Static pruning happens at parse time when the partition key predicate contains a literal value. The planner knows at query compilation time exactly which child tables can possibly match. The plan is fixed — partition metadata is consulted once and eliminated partitions never appear in the execution plan.

Dynamic pruning happens at execution time when the predicate value comes from a runtime parameter: a bind variable in a prepared statement, or a value supplied via a nested loop join. PostgreSQL v12+ supports dynamic pruning for parameterized queries — the executor re-evaluates the partition set at runtime using the bound parameter value. MySQL supports static pruning for RANGE and LIST partitions but has limited dynamic pruning support, which can force full-partition scans for parameterized queries even when a literal equivalent would prune correctly.

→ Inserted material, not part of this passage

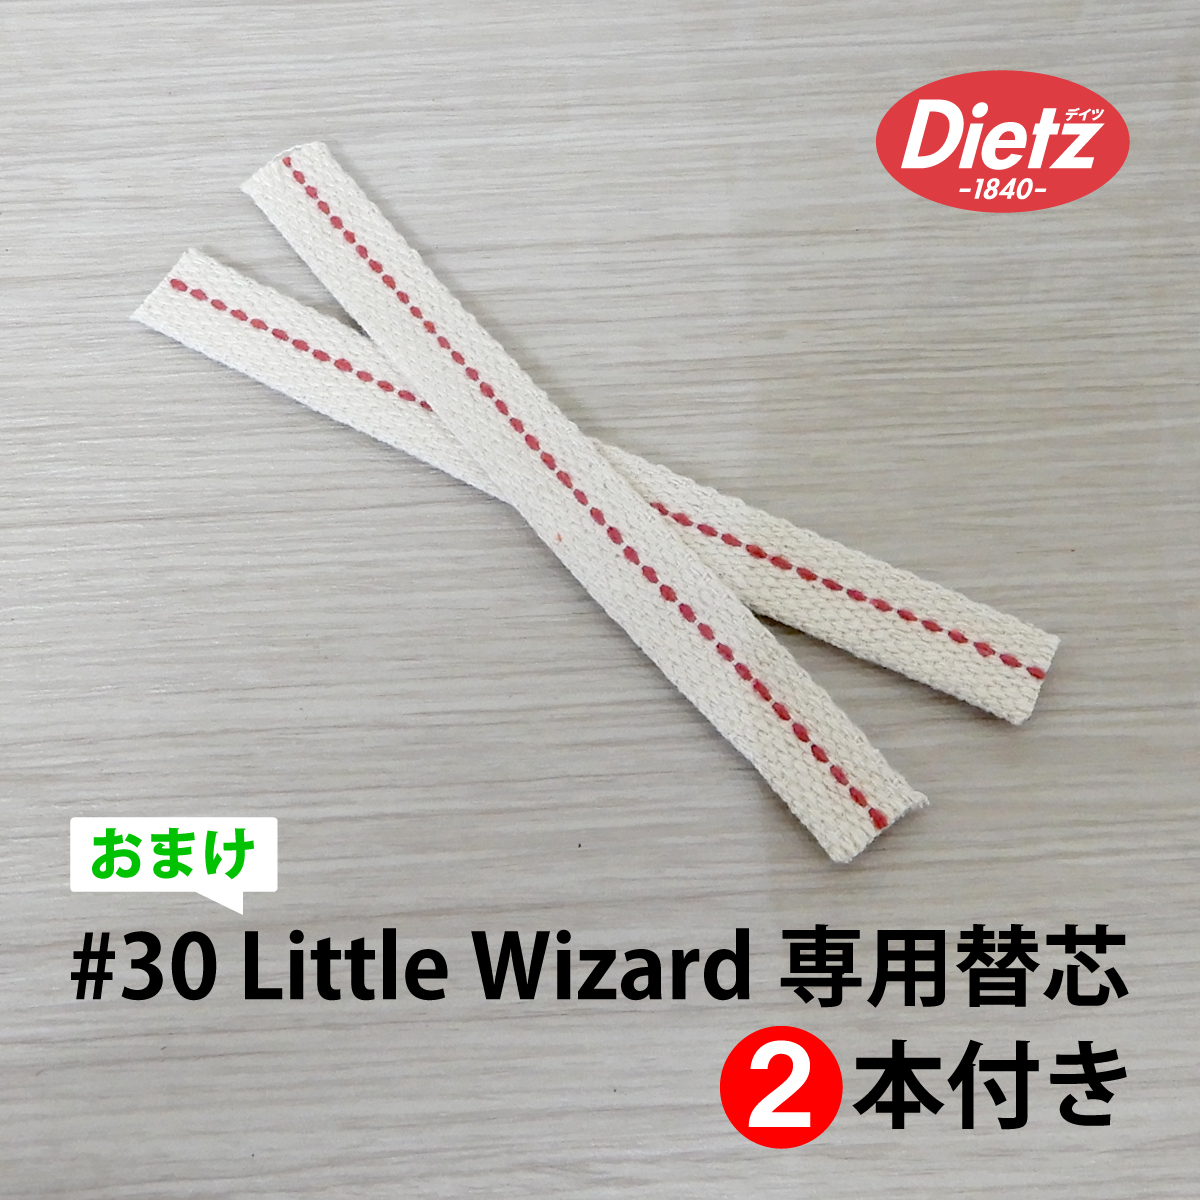 替芯付【送料無料】新品 Dietz #30 Little Wizard Lantern Green Nickel Trim 日本未発売 ◇デイツ  グリーン ニッケル ハリケーンランタン

Static vs. dynamic pruning support matrix:

Database	Static Pruning	Dynamic Pruning	Notes
PostgreSQL 10–11	✅ RANGE, LIST, HASH	❌ Not supported	Bind parameters force full scan
PostgreSQL 12+	✅ All partition types	✅ Parameterized queries and nested loops	Recommended version for production partitioning
MySQL 8.0	✅ RANGE, LIST	⚠️ Limited	Static only for most query forms
CockroachDB	✅ All partition types	✅	Full pruning support

Performance Analysis: Measuring Pruning Effectiveness

The most direct way to measure pruning impact is EXPLAIN (ANALYZE, BUFFERS). Look at the Partitions selected output. With correct pruning, a query against a 48-partition table that touches only January data should show Partitions selected: 1. Seeing Partitions selected: 48 on a query with a literal date predicate means the partition key is not in the WHERE clause, or it is wrapped in a function.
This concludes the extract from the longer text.